А чайник по-прежнему злился и упрямился; он вызывающе подбоченился ручкой и с дерзкой насмешкой задрал носик на миссис Пирибингл, как бы говоря: «А я не закиплю! Ни за что не закиплю!»
Но миссис Пирибингл к тому времени уже снова повеселела, смахнула золу со своих пухленьких ручек, похлопав их одной о другую, и, рассмеявшись, уселась против чайника. Между тем веселое пламя так вскидывалось и опадало, вспыхивая и заливая светом маленького косца на верхушке голландских часов, что чудилось, будто он стоит как вкопанный перед мавританским дворцом, да и все вокруг недвижно, кроме пламени.
Тем не менее косец двигался, – его сводило судорогой дважды в секунду, точно и неуклонно. Когда же часы собрались бить, тут на страдания его стало прямо-таки страшно смотреть, а когда кукушка выглянула из-за дверцы, ведущей во дворец, и прокуковала шесть раз, он так содрогался при каждом «ку-ку!», словно слышал некий загробный голос или словно что-то острое кололо ему икры.
Перепуганный косец пришел в себя только тогда, когда часы перестали трястись под ним, а скрежет и лязг их цепей и гирь окончательно прекратился. Немудрено, что он так разволновался: ведь эти дребезжащие, костлявые часы – не часы, а сущий скелет! – способны на кого угодно нагнать страху, когда начнут щелкать костями, и я не понимаю, как это людям, а в особенности голландцам, пришла охота изобрести такие часы. Говорят, что голландцы любят облекать свои нижние конечности в просторные «футляры», для которых не жалеют ткани, значит им безусловно не следовало бы оставлять свои часы столь неприкрытыми и незащищенными.
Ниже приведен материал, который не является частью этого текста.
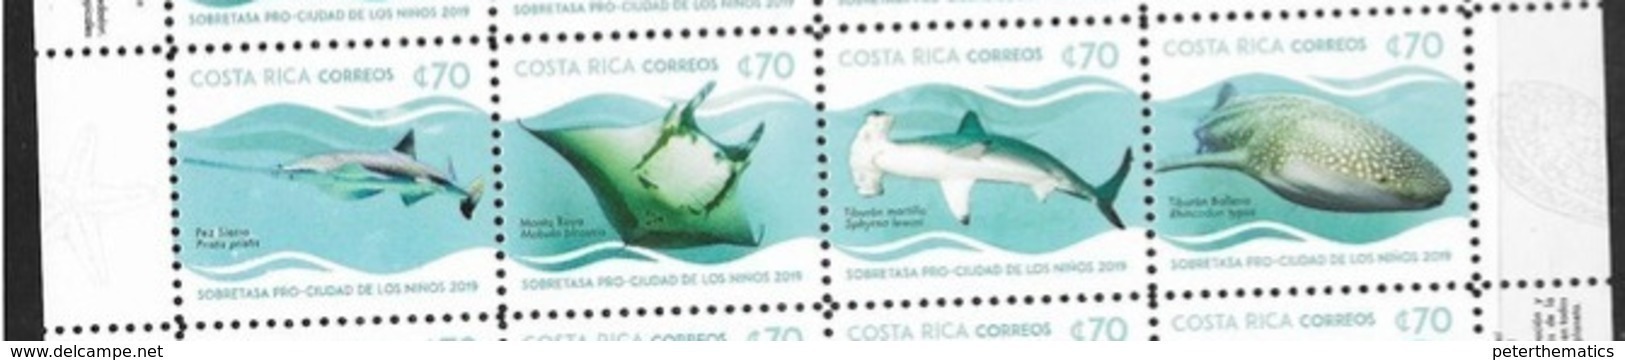 COSTA RICA, 2019, MNH, CHILDREN'S WELFARE ,MARINE LIFE, SHARKS, HAMMERHEAD SHARKS, WHALE SHARKS,  STINGRAYS, SAWFISH,4v - Poissons

Тогда-то, заметьте себе, чайник и решил приятно провести вечерок. Тогда-то и выяснилось, что чайник немножко навеселе и ему захотелось блеснуть своими музыкальными талантами; что-то неудержимо заклокотало у него в горле, и он уже начал издавать отрывистое звонкое фырканье, которое тотчас обрывал, словно еще не решив окончательно, стоит ли ему сейчас показать себя компанейским малым. Тогда-то, после двух-трех тщетных попыток заглушить в себе стремление к общительности, он отбросил всю свою угрюмость, всю свою сдержанность и залился такой уютной, такой веселой песенкой, что никакой плакса-соловей не мог бы за ним угнаться.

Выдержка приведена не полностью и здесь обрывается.